Posted by Mauro Miceli

Nato a Firenze il 14.03.1955, dopo gli studi superiori consegue la laurea presso la Facoltà di Farmacia con indirizzo in Chimica Farmaceutica; successivamente  entra alla Facoltà di Medicina come interno presso l’Istituto di Farmacologia e Tossicologia dell’Università di Firenze dove consegue la Specializzazione post-laurea in Farmacologia. Prosegue quindi gli studi per il conseguimento della  laurea in Scienze Biologiche e successivamente consegue la seconda Specializzazione  in Biochimica Clinica presso l’Università di Pisa con una tesi sperimentale  pubblicata su rivista internazionale.
E’ coautore di circa 30 pubblicazioni scientifiche indicizzate su PubMed con un valido impact factor, oltre a numerosi comunicazioni a vari congressi scientifici.  

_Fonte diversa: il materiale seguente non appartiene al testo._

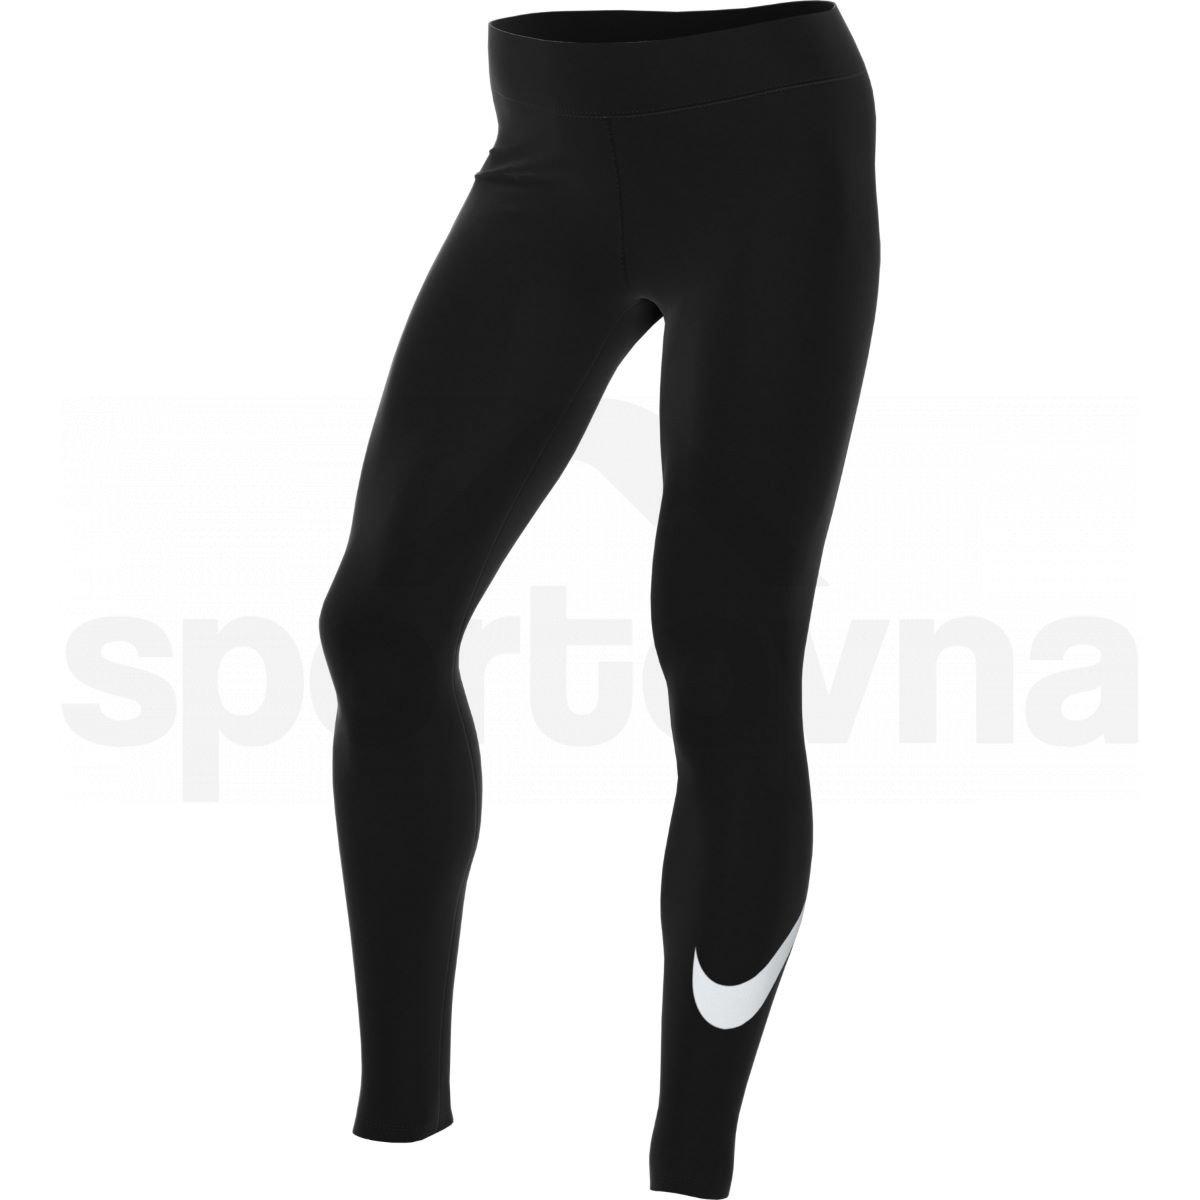 nike-sportswear-essential-mid-rise-swoosh-damen-leggings-black-white-cz8530-010-1-923858
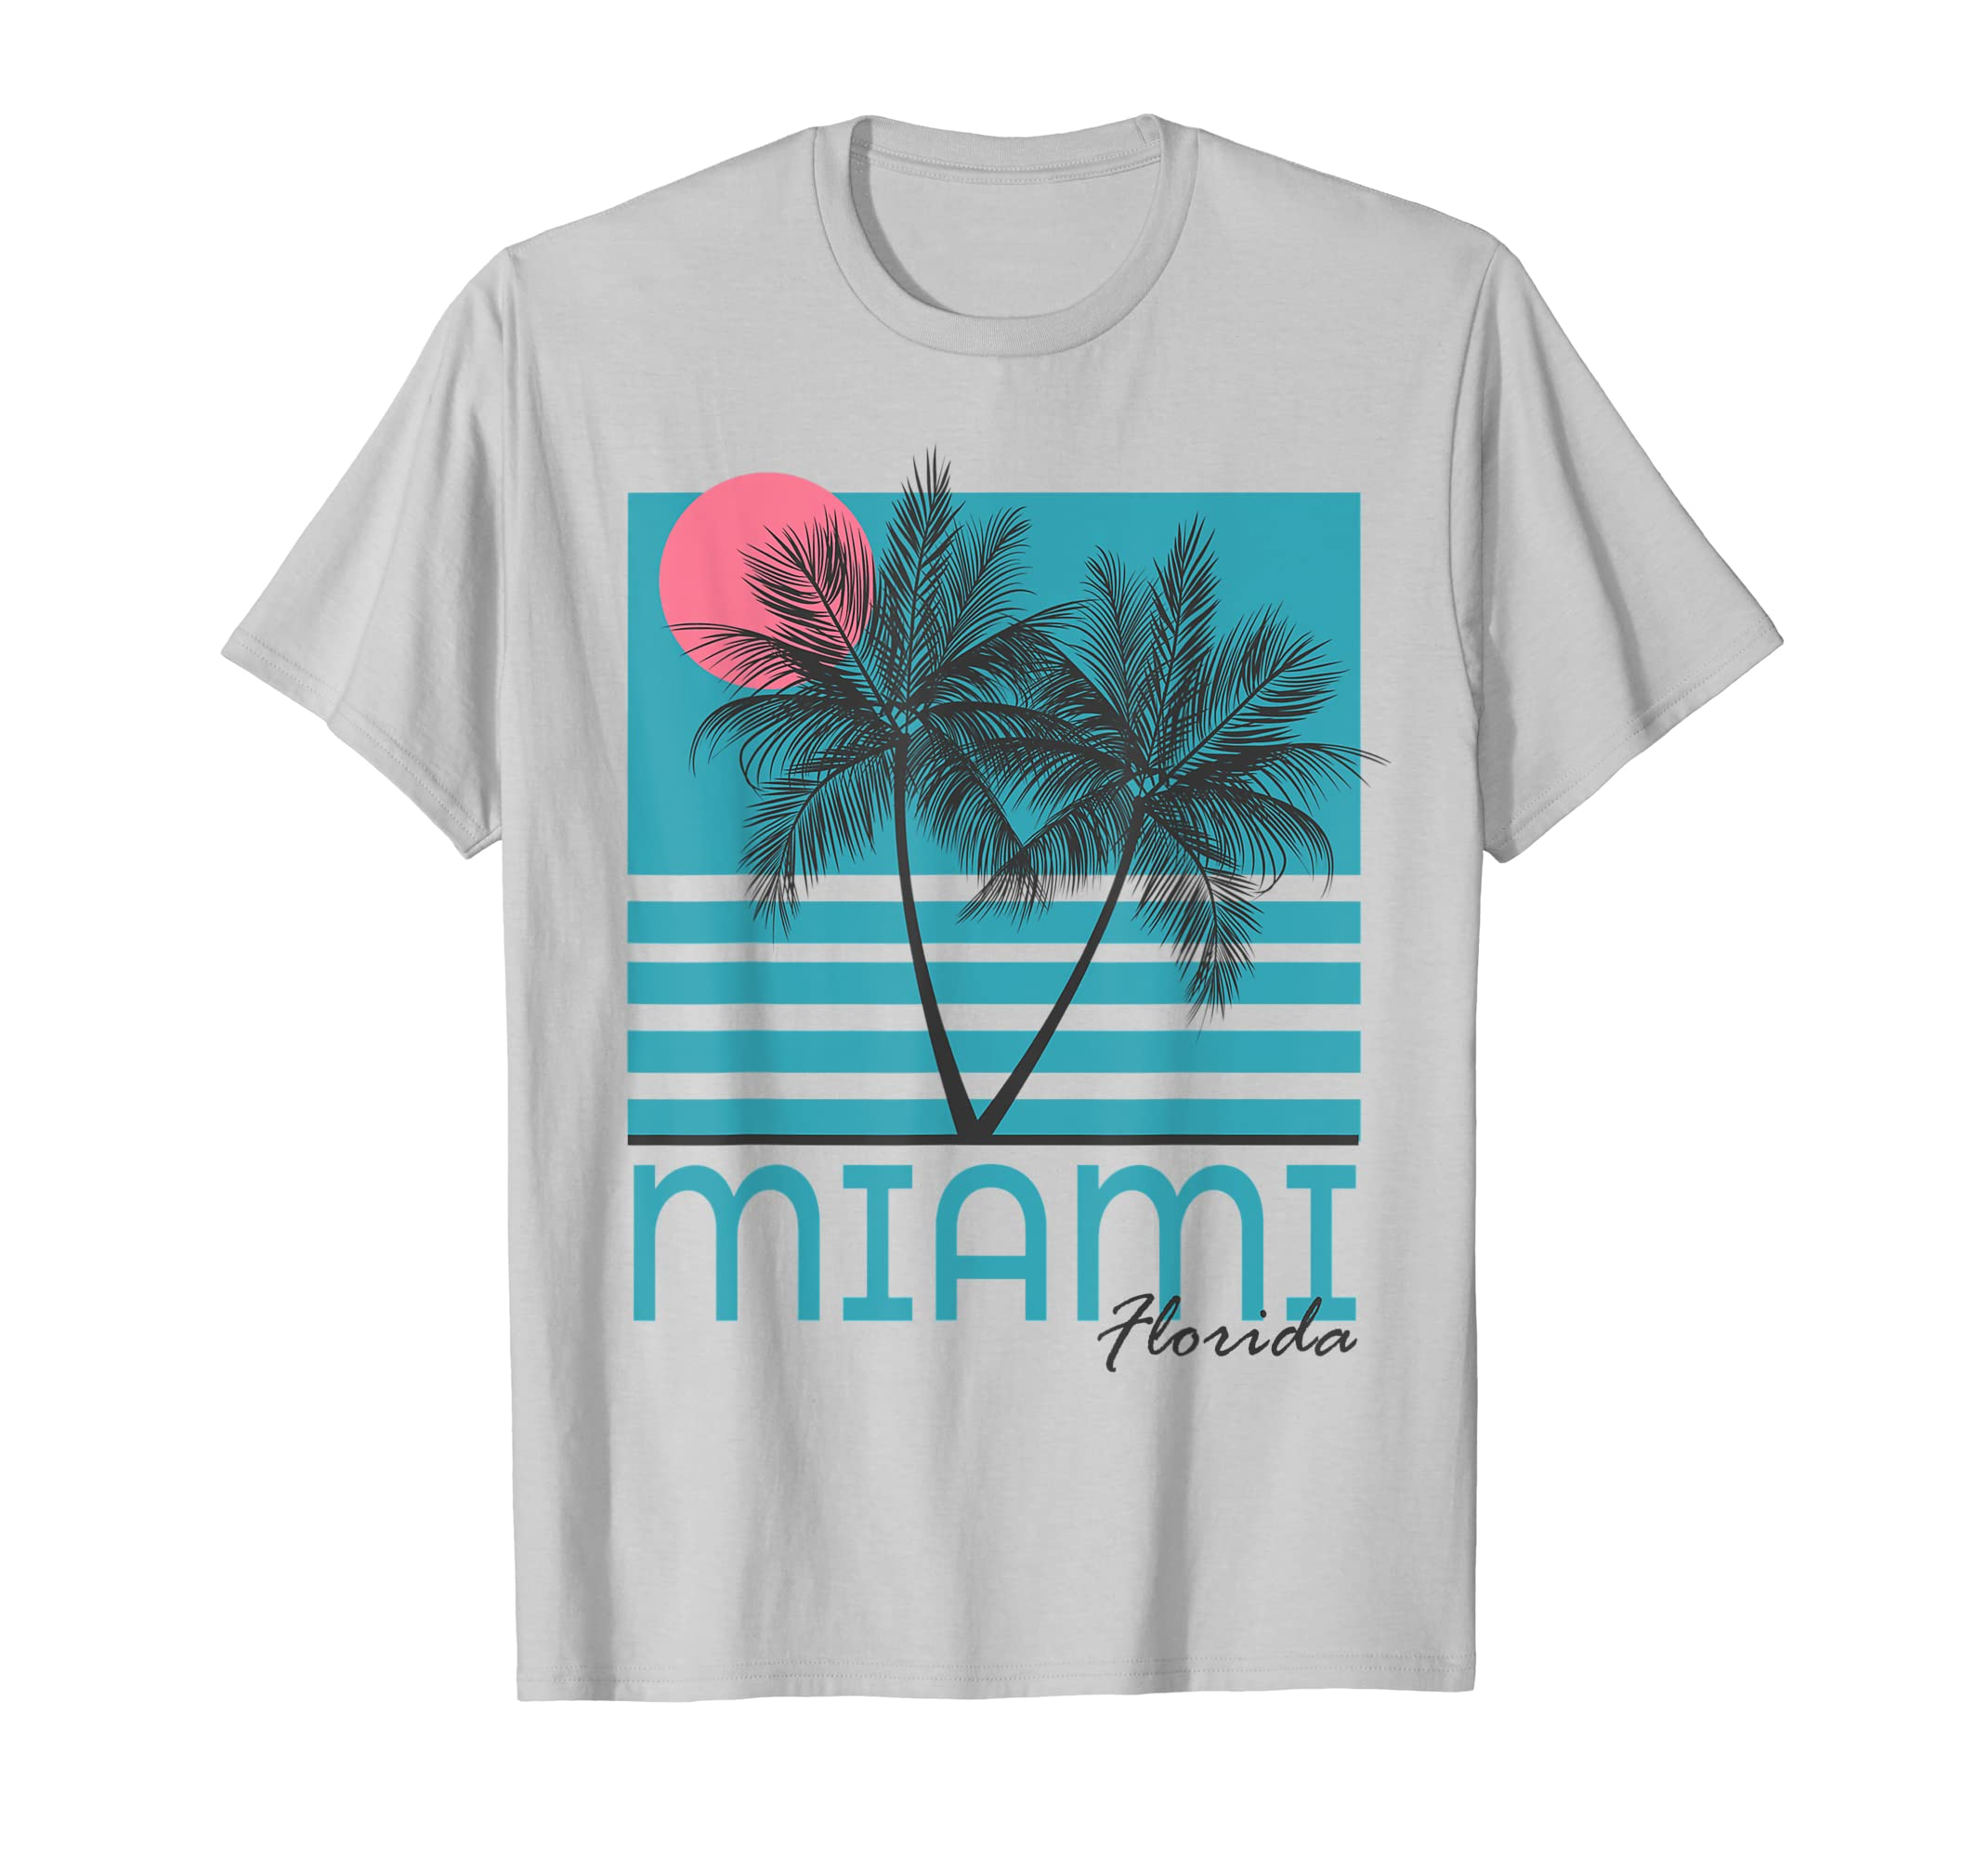 93d061002867fe Amazon.com  Miami Beach Florida T Shirt Palm Trees Souvenirs  Clothing

Dagli anni 80’ insegna dapprima presso le Scuole Sanitarie della Regione Toscana e successivamente, dal 2003 a tutt’oggi, ricopre l’incarico di docenza presso il Corso di Laurea in Tecniche di Laboratorio Bio-Medico dell’Università di Firenze dove insegna al corso integrato di Scienze e Tecniche della Medicina di Laboratorio e Laboratorio I. 
Si occupa da molti anni di Fitoterapia, Alimentazione Funzionale e Nutraceutica e concepisce la docenza come una vera missione per la corretta diffusione della cultura scientifica.